* **WHAT YOU NEED TO DO**: When copying the listing below, skip every picture and keep each word as it stands.

* **GIVEN MATERIAL**:
*** Block opens ***

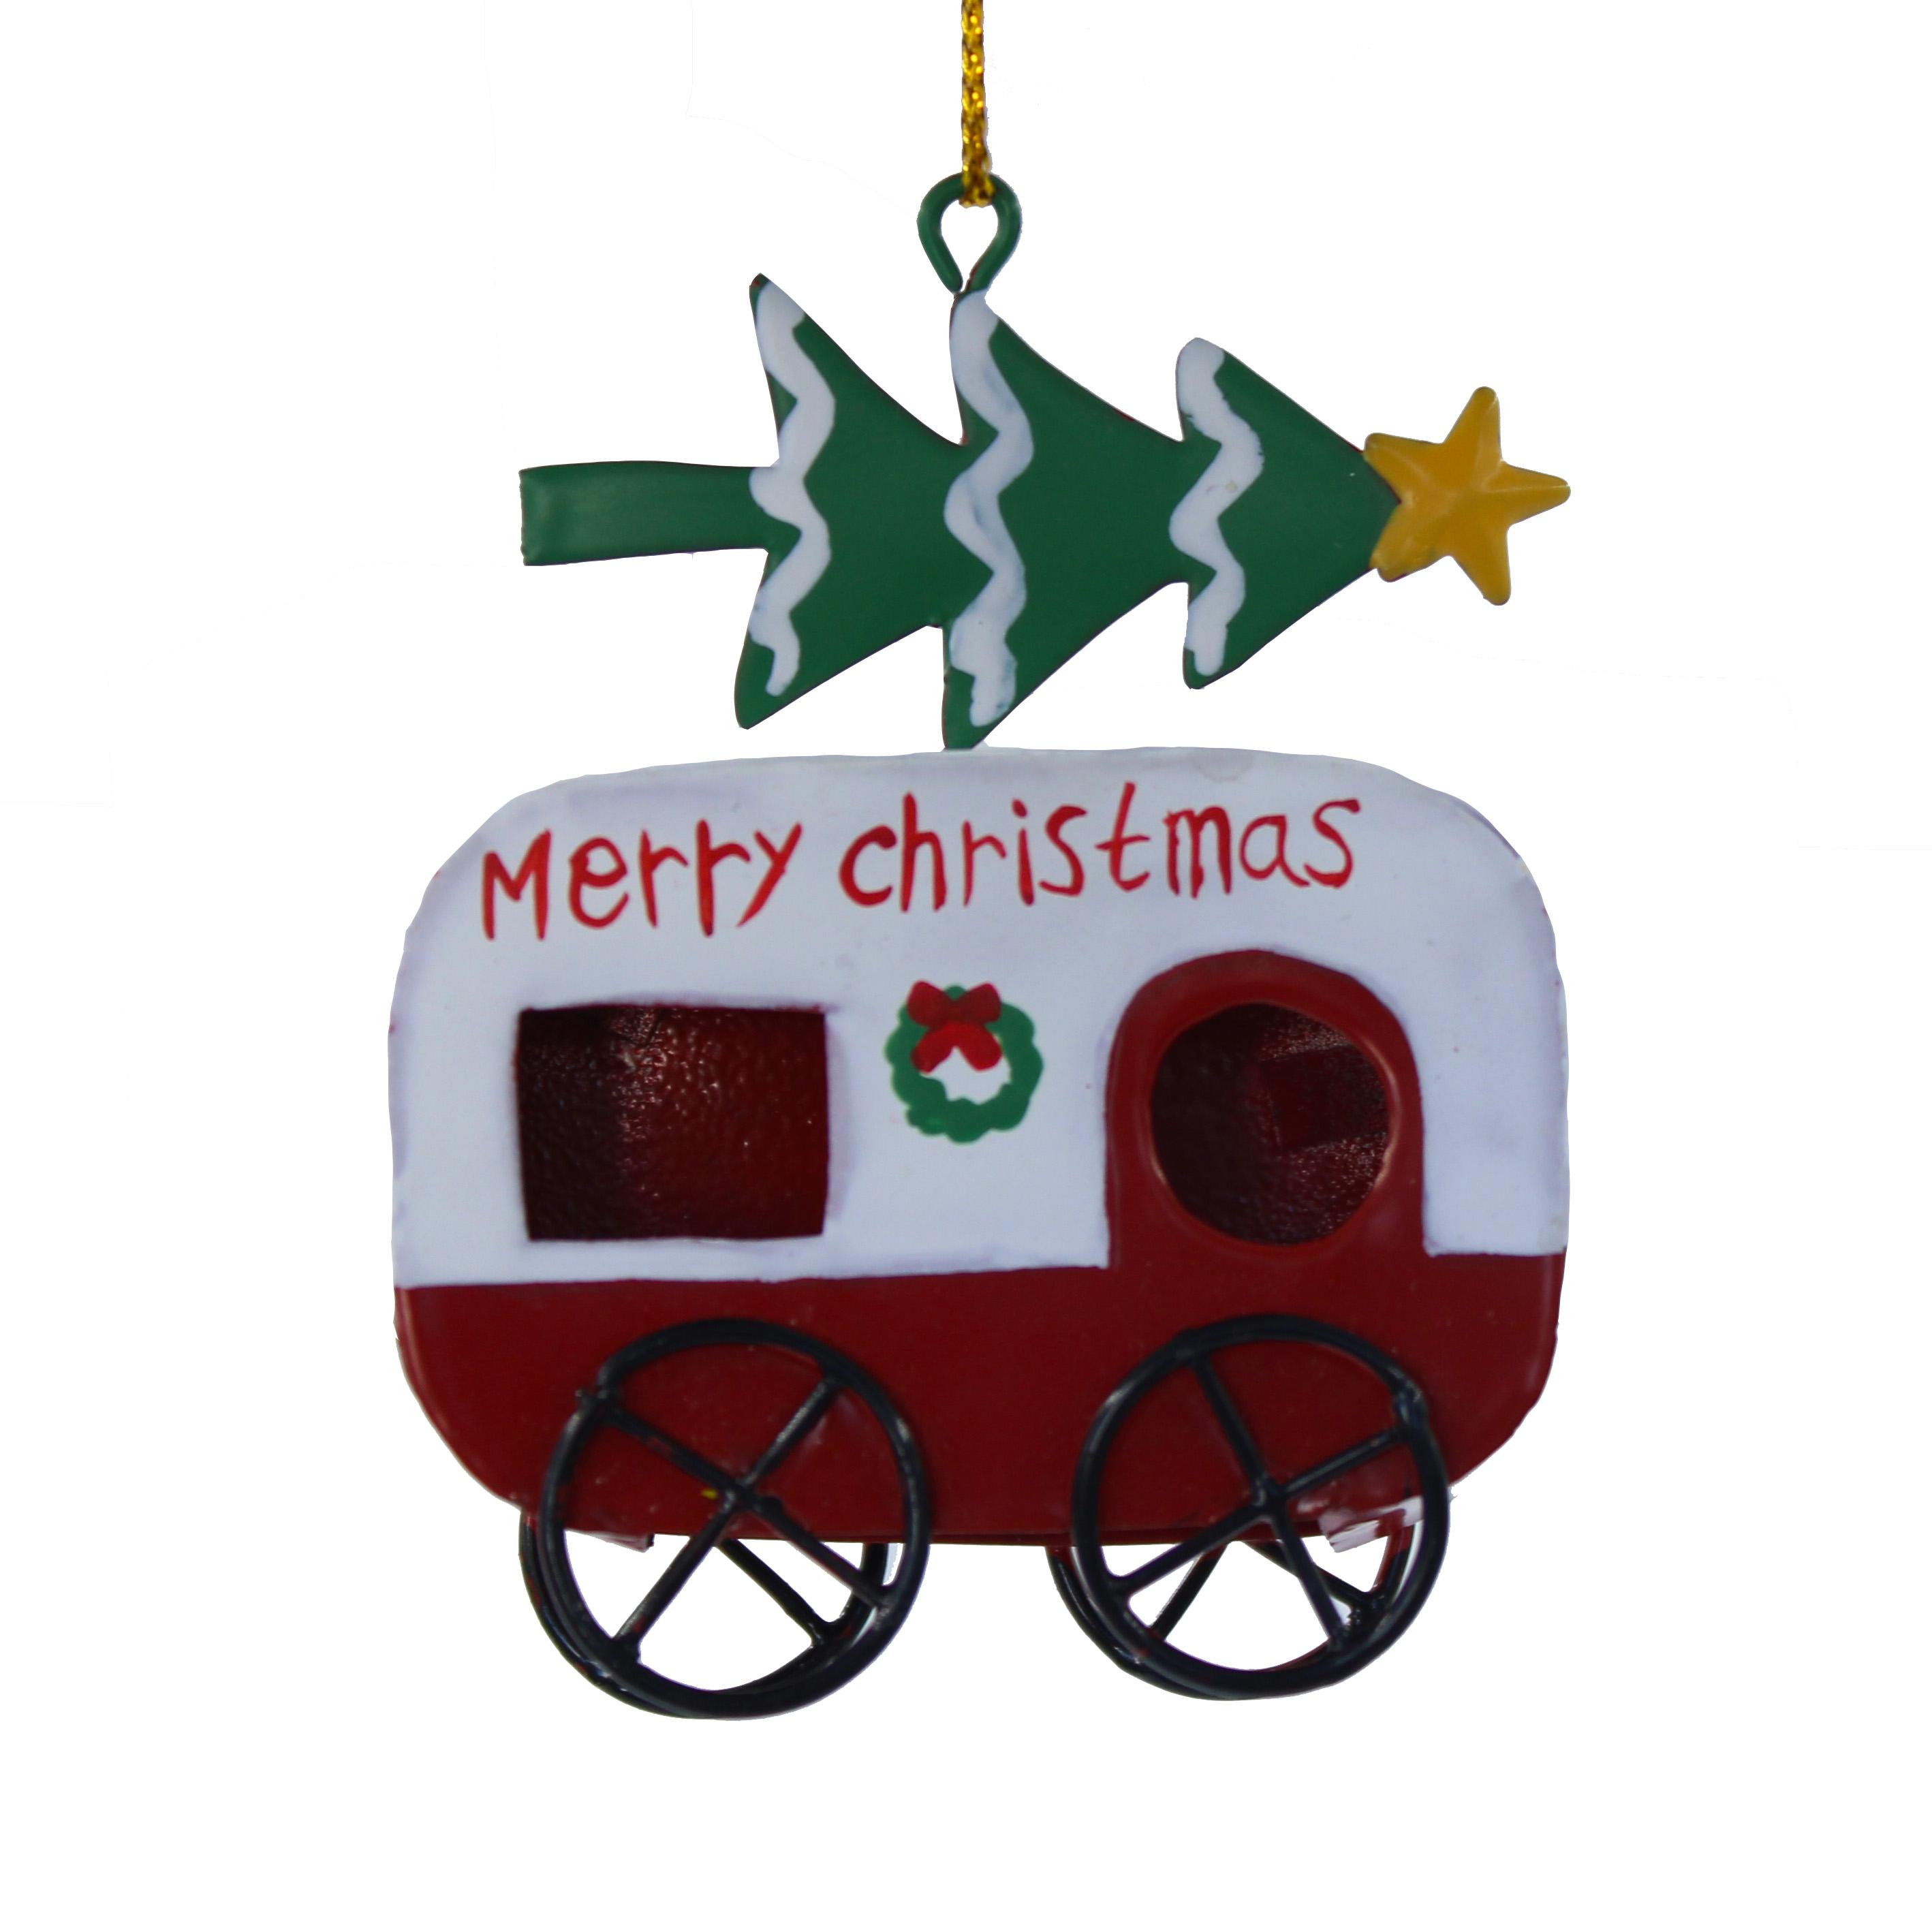 18072 | The Christmas Heirloom Company | Christmas Decorations
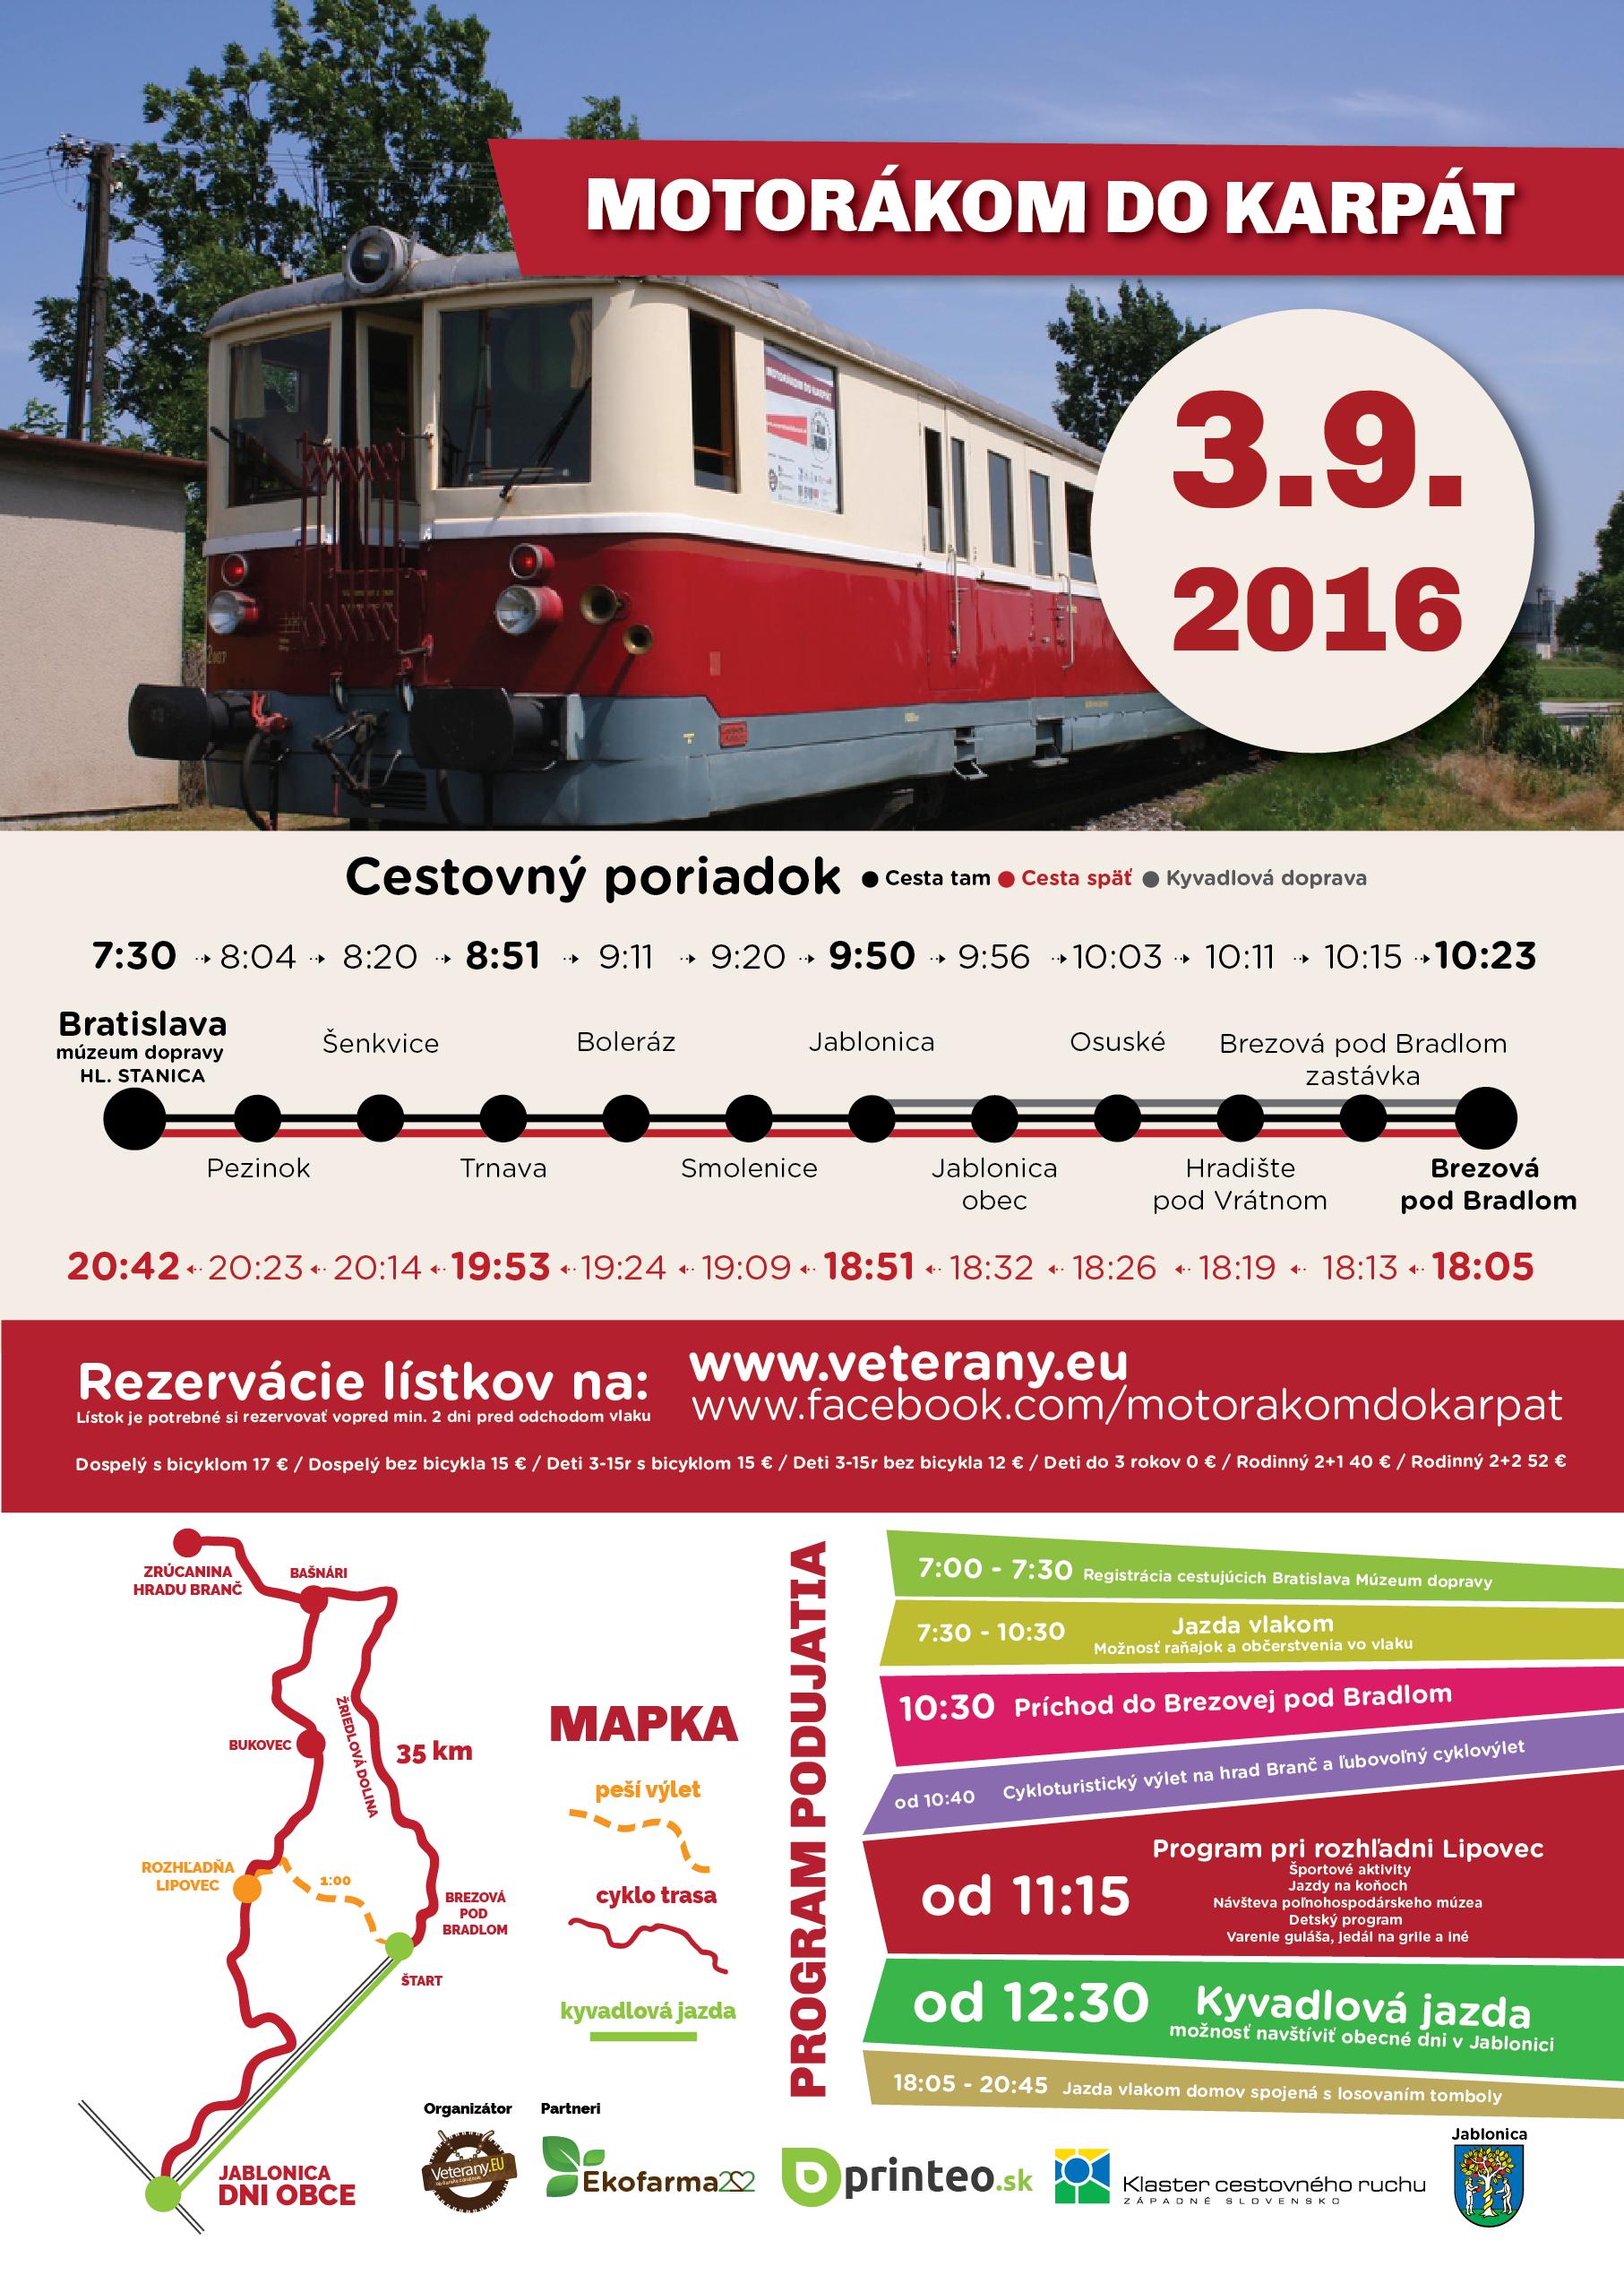 Motorakom do Karpat 3.9.2016
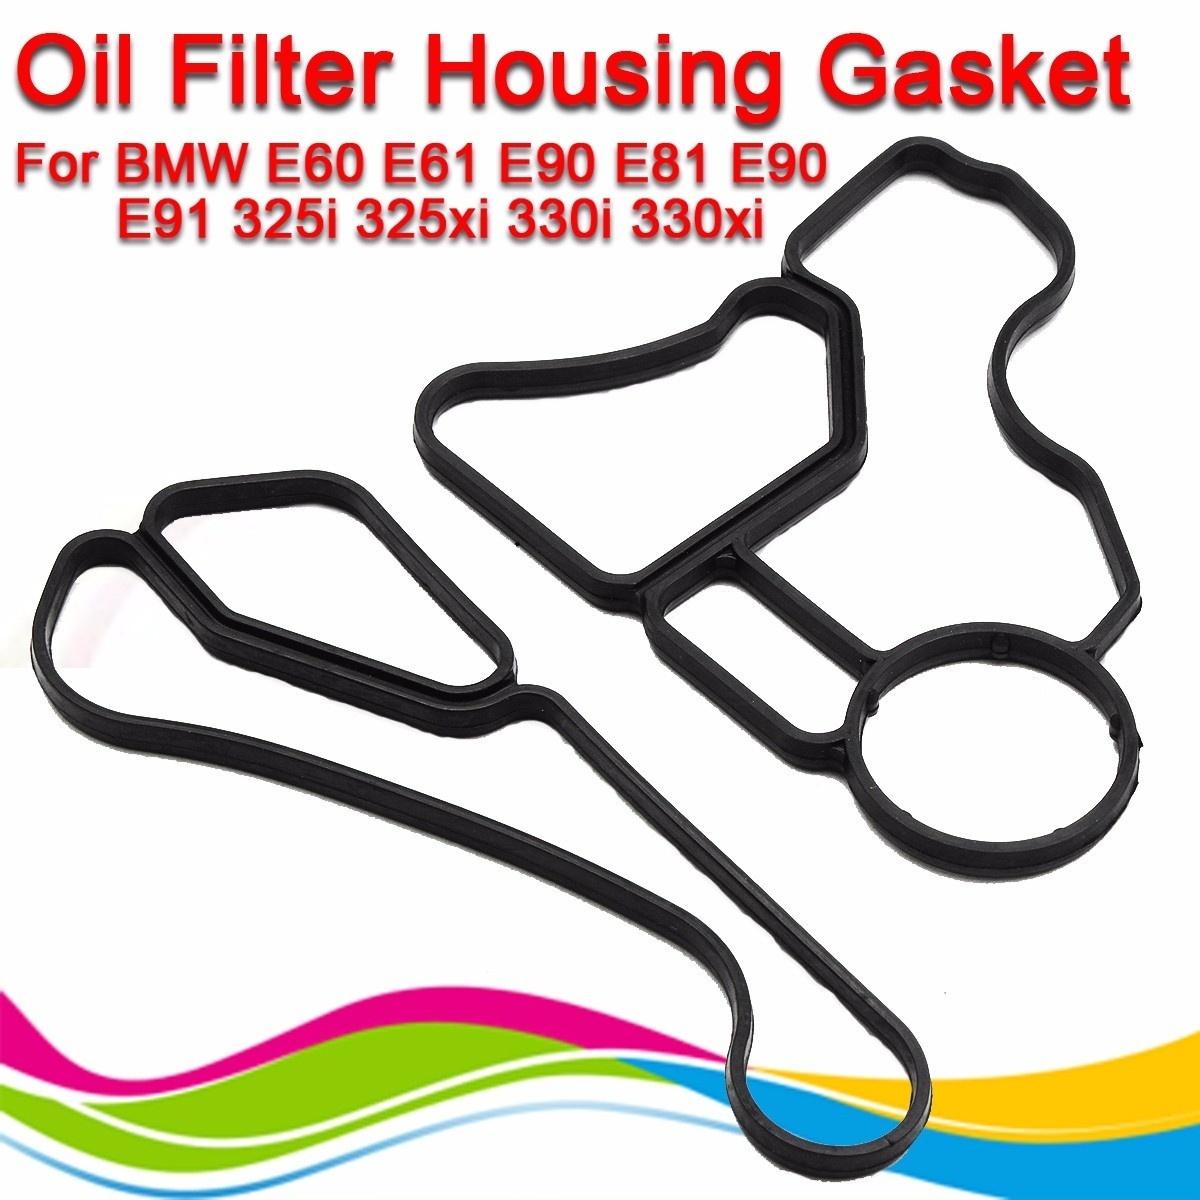 Qoo10 2pcs Oil Filter Housing Seal Gasket For E60 E61 E81 E90 E91 Bmw Fit To Viewer Prev Next

*** Block closes ***

* **RESPONSE TO THIS TASK**:
 18072 | The Christmas Heirloom Company | Christmas Decorations
 Motorakom do Karpat 3.9.2016
 Qoo10 2pcs Oil Filter Housing Seal Gasket For E60 E61 E81 E90 E91 Bmw Fit To Viewer Prev Next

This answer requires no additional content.